Y luego, guardo silencio ante los gigantes. Sequoia, Quercus, Salix, Pinus, Juniperus, Ceiba, Swietenia, Cedrela, Ficus. Han estado ahí cientos de años. Han visto pasar imperios y generaciones. Y siguen ahí, esperando otros cien años para morir o caer vivos. Toco la corteza con falta de respeto. Retiro suave la mano. No se pueden aprender siglos de lecciones en una caricia. Hay que aceptarlo. Los miro entonces, de lejos. Ahí están, y no me necesitan. Son planetas completos. Son de piedra.

¿Qué otra cosa podría hacer yo sino dar mi vida a la vida?

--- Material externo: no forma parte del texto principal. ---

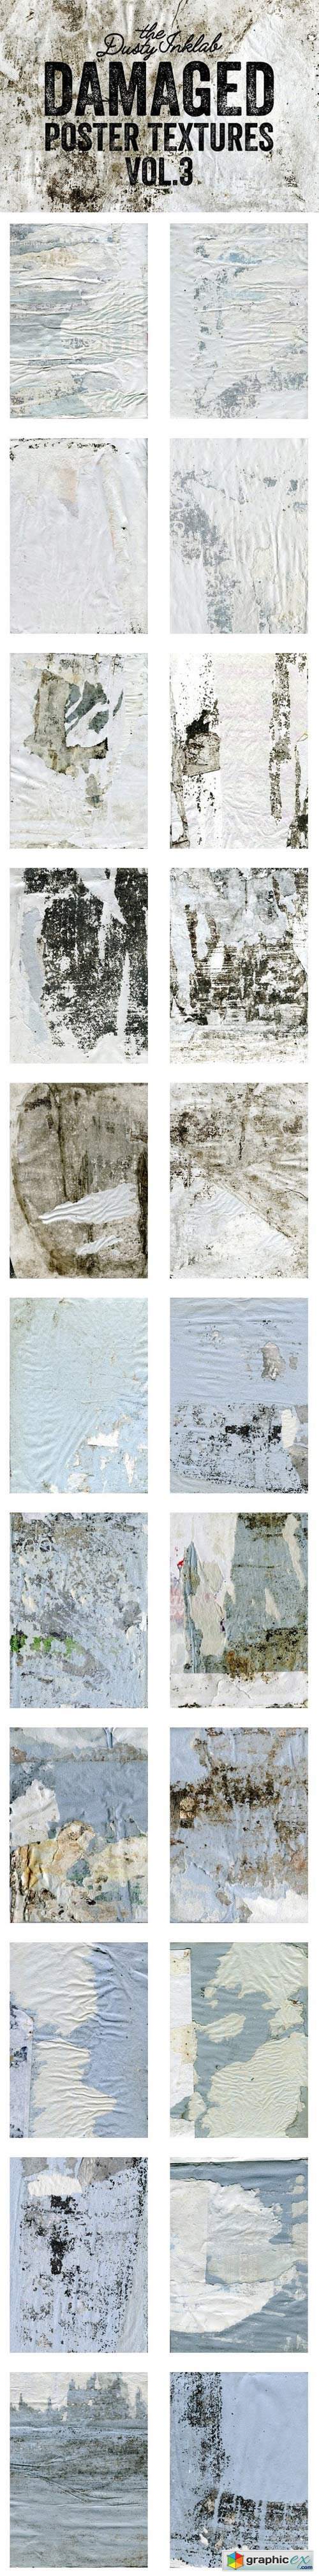 Damaged Poster Textures Vol. 3

Sigue vivo en mí el sentimiento original, el de hace tantos años. El que me indicaba que no había otra razón ni motivo que valiera la pena. El que me decía que eran ellas las dueñas de mi vida y no alrevés. Y por más que hice todo lo que hice, vuelvo ahora a escuchar mi corazón. Me llaman. Me llaman para encontrarnos de nuevo, en las mesas verdes y las mezclas de sustrato, en las charolas y los recipientes, en la sombra protectora y el sol entrenador. Sin explicaciones ni disculpas por abandonar el resto de opciones huecas. Y voy a ir a su encuentro. A encontrarme con ese viejo amigo, el verde. Y en la rutina quedará claro que el parpadeo de la vida sólo tiene sentido a su lado, y que ellas guardan el secreto de todas las cosas, el secreto que revelan a cada segundo con su silencio.